### [TASK GOAL]
The material below is to be copied exactly from the line with "INVOISE Magazine #14" up to and including the line with "Logo Fabio Costantino Macis (3 images)", with nothing else kept and no pictures.

### [INFORMATION SHOWN]

--*--

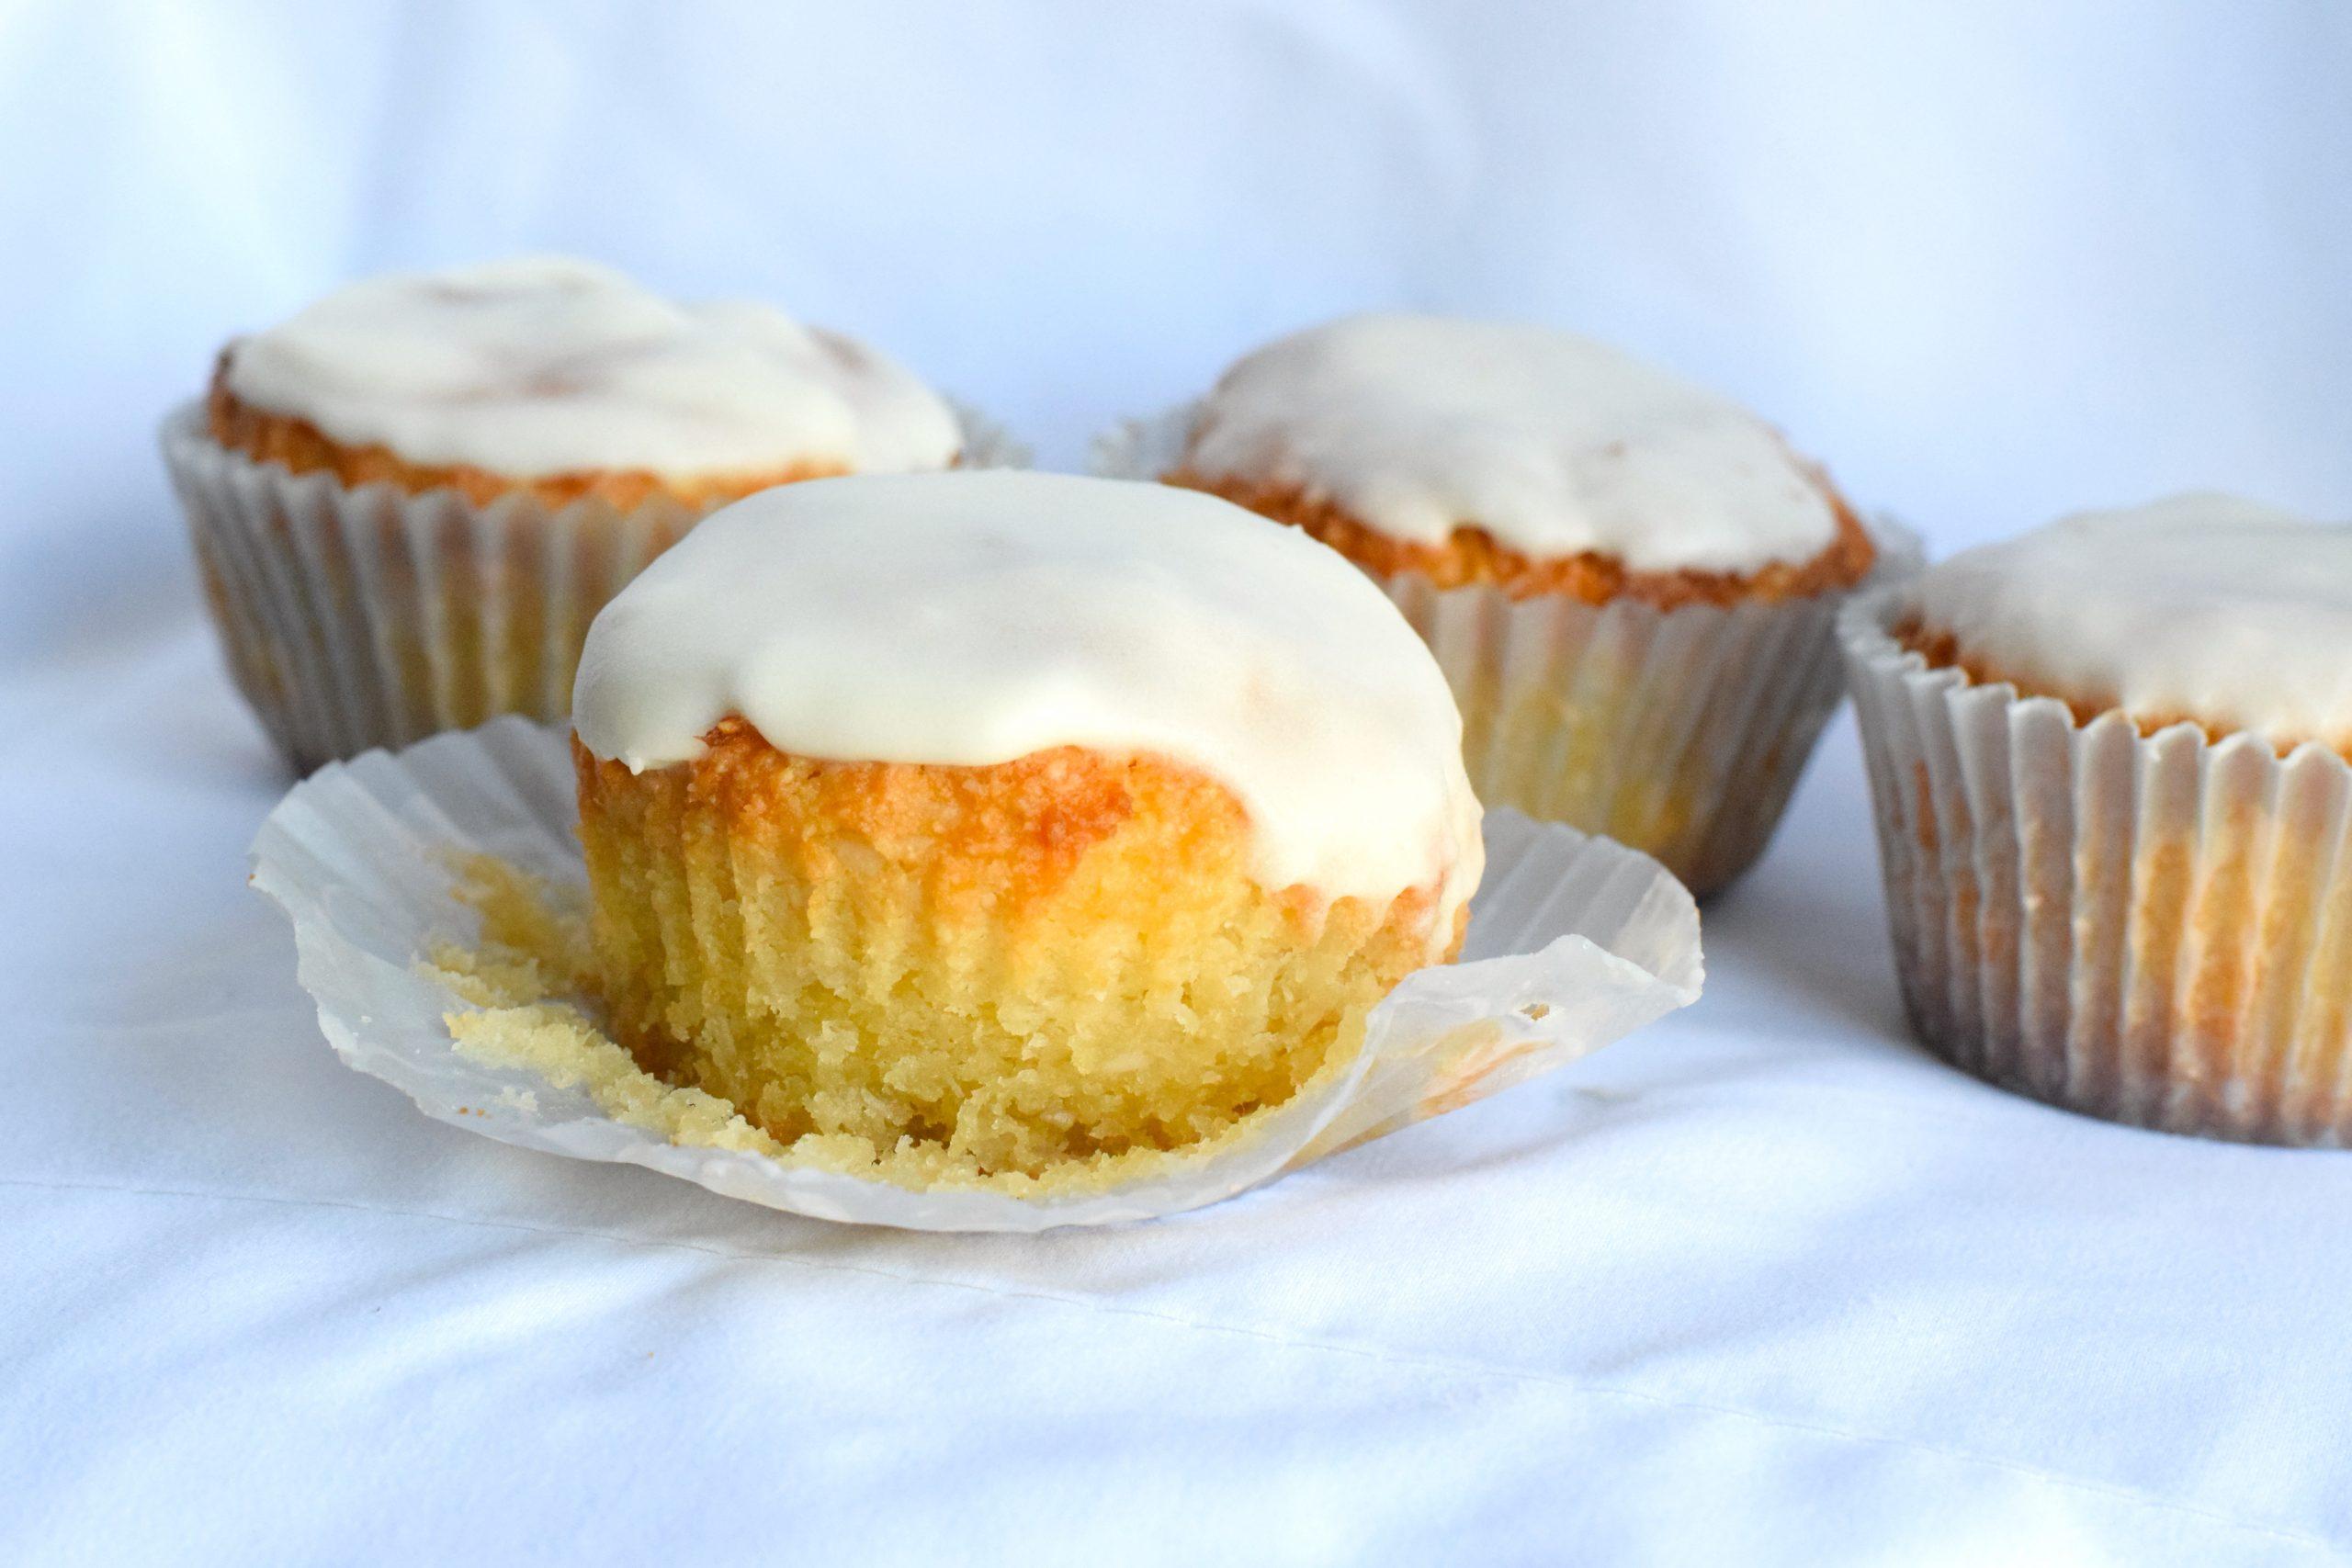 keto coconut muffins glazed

--*--

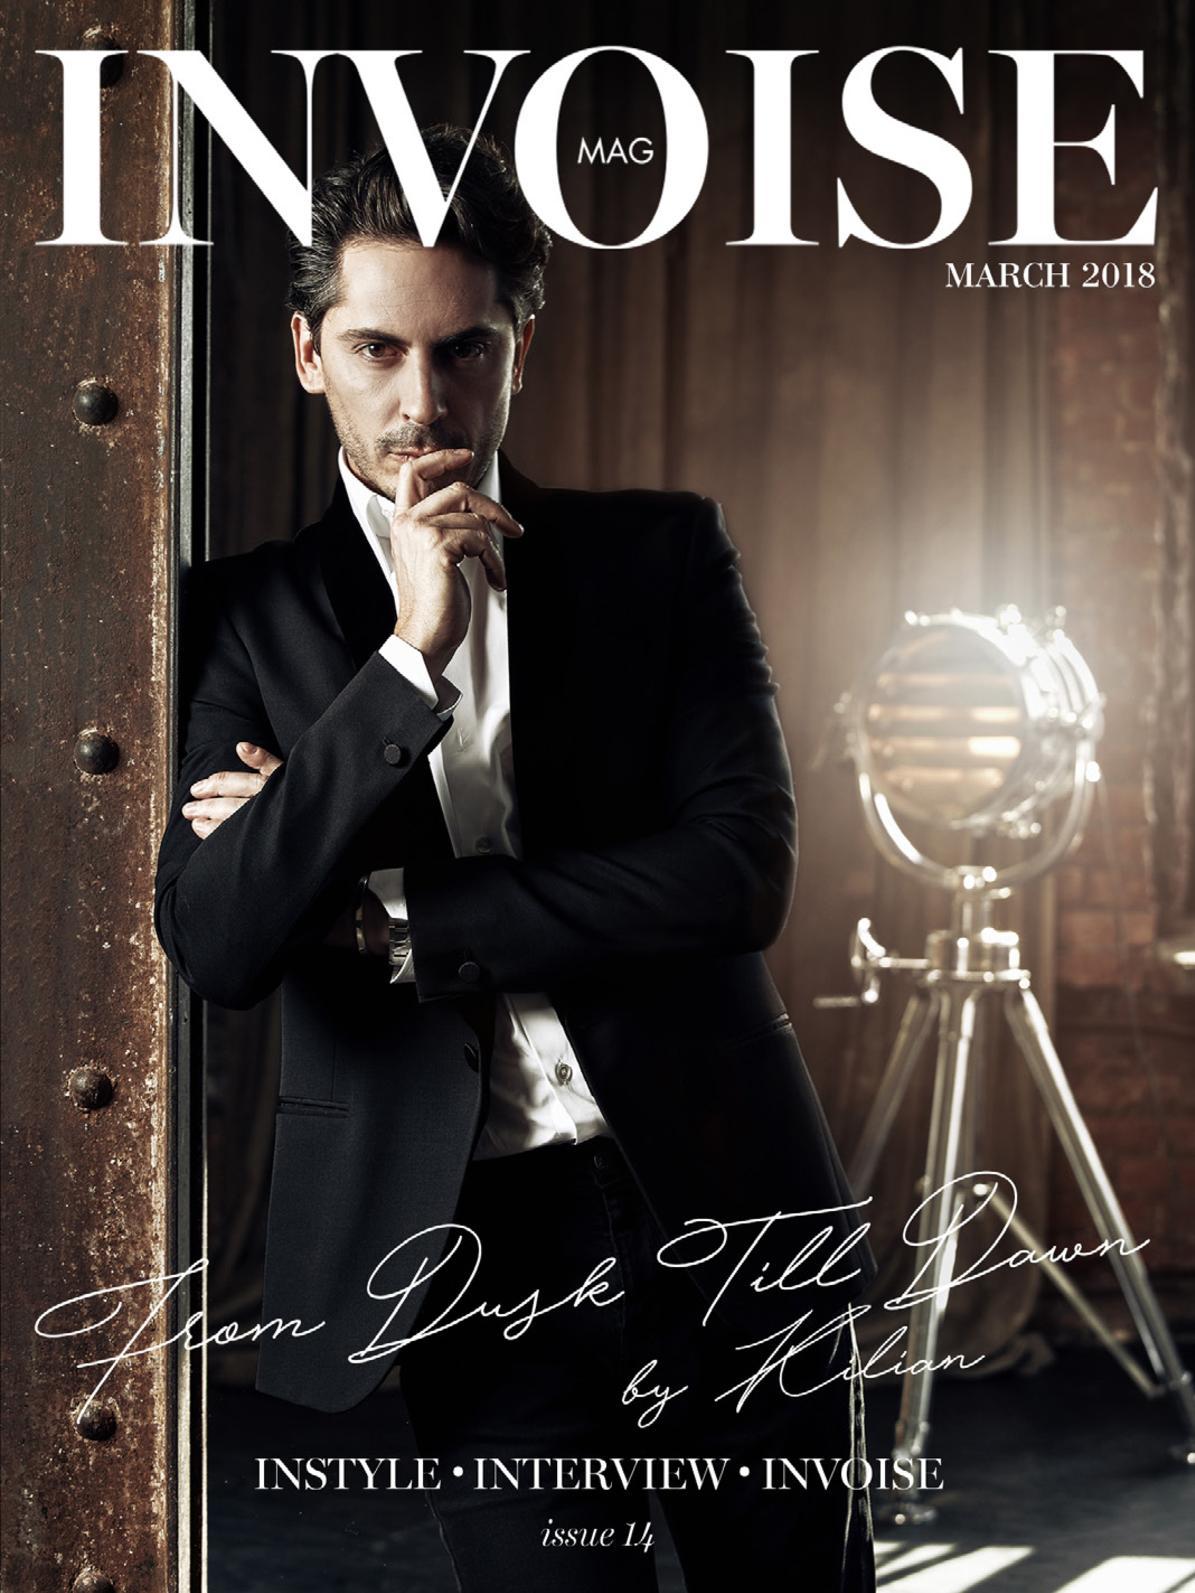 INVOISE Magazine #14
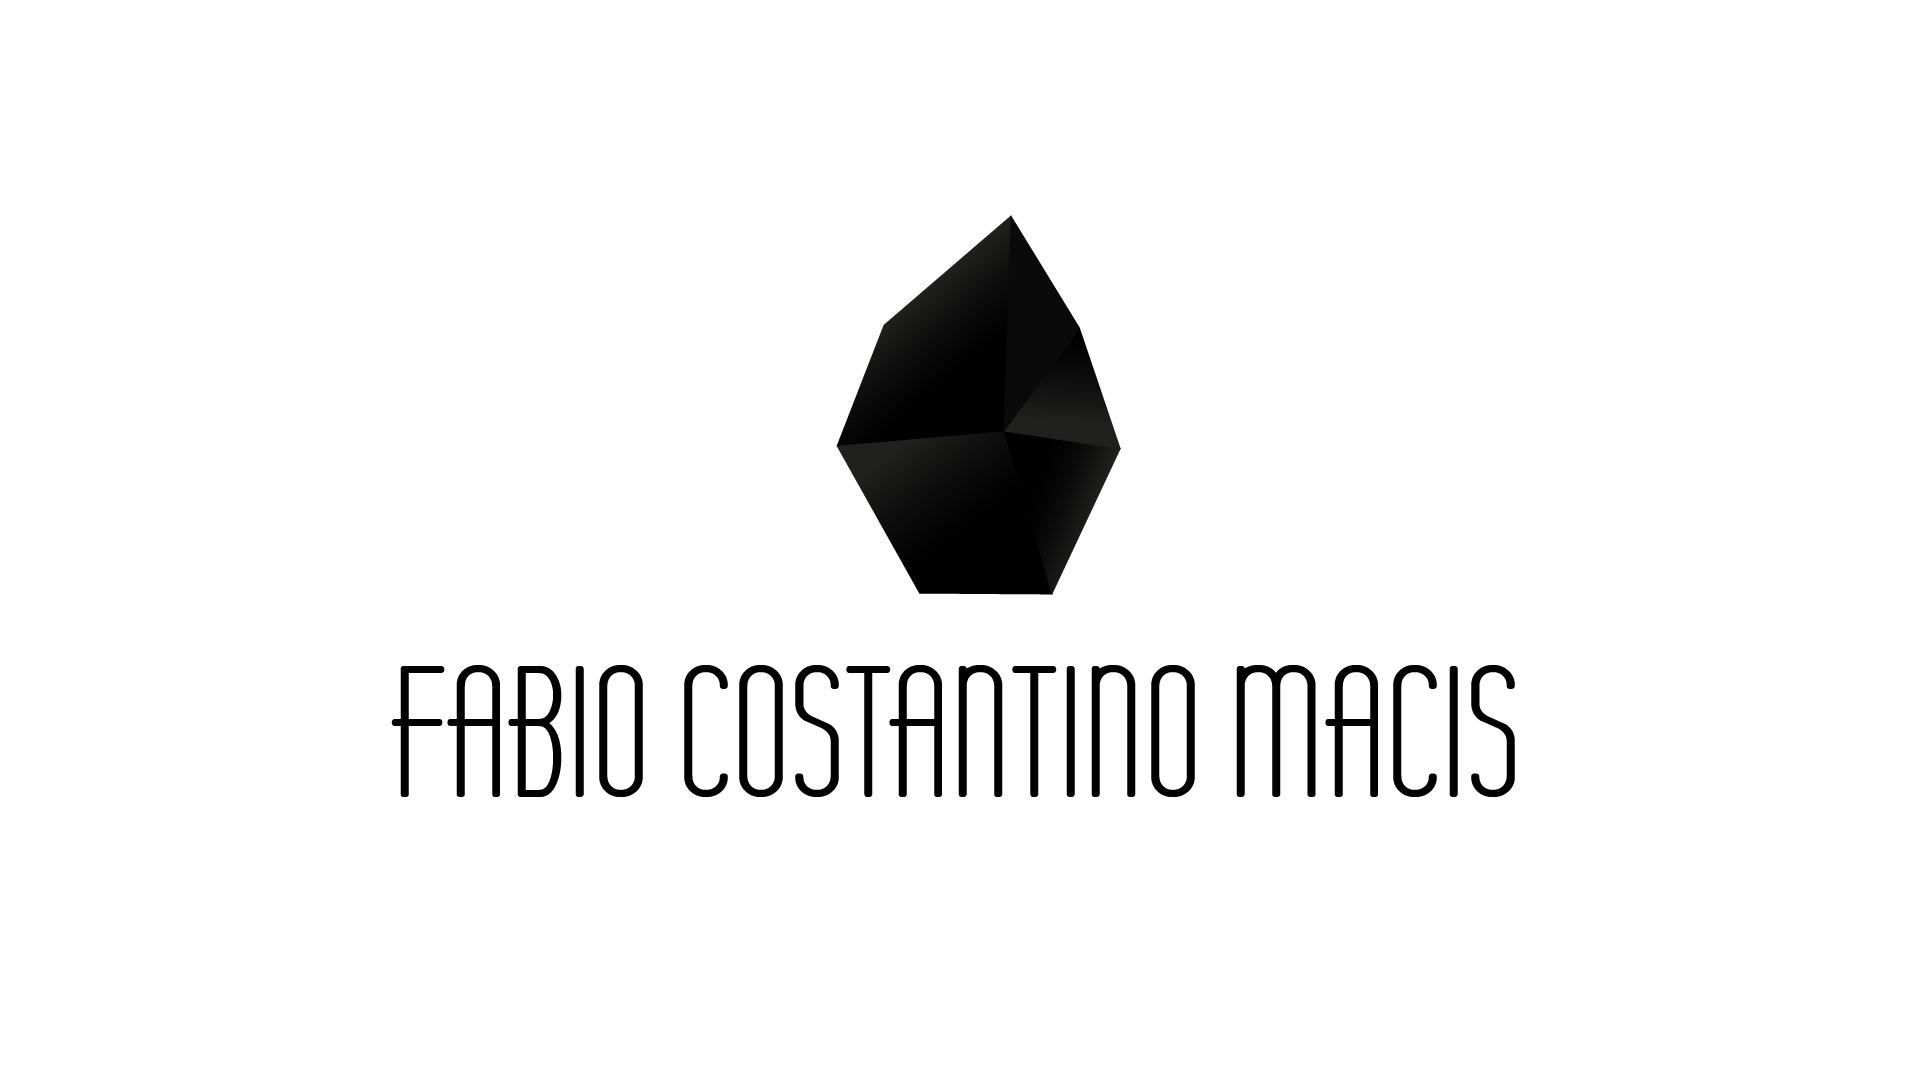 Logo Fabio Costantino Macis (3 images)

--*--

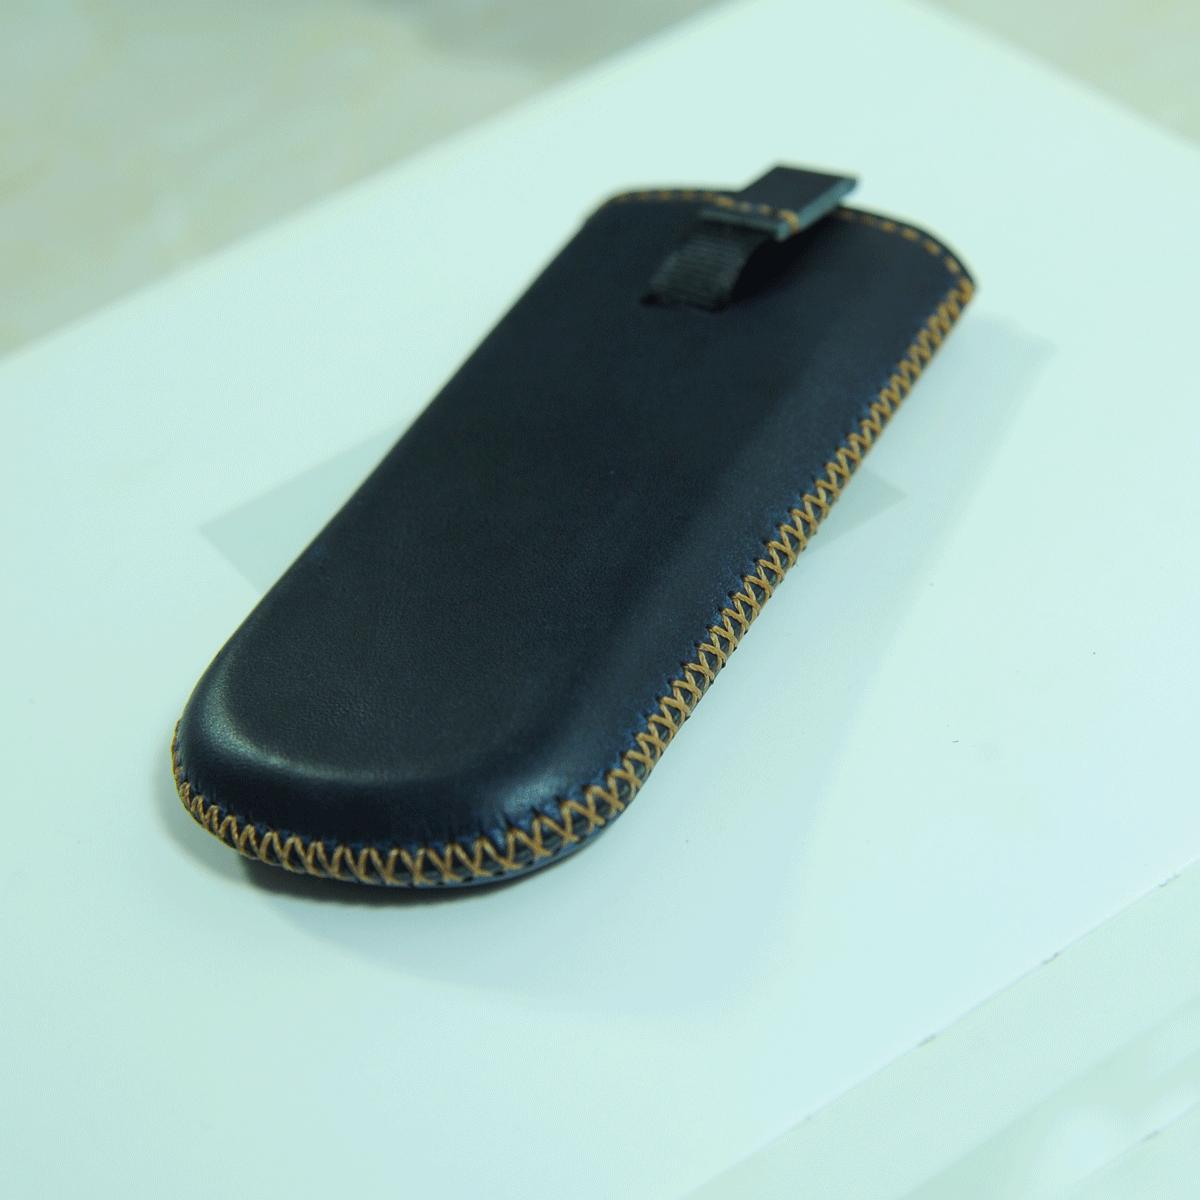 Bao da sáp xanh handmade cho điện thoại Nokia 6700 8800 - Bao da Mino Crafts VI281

--*--

### [EXPECTED OUTPUT]
 INVOISE Magazine #14
 Logo Fabio Costantino Macis (3 images)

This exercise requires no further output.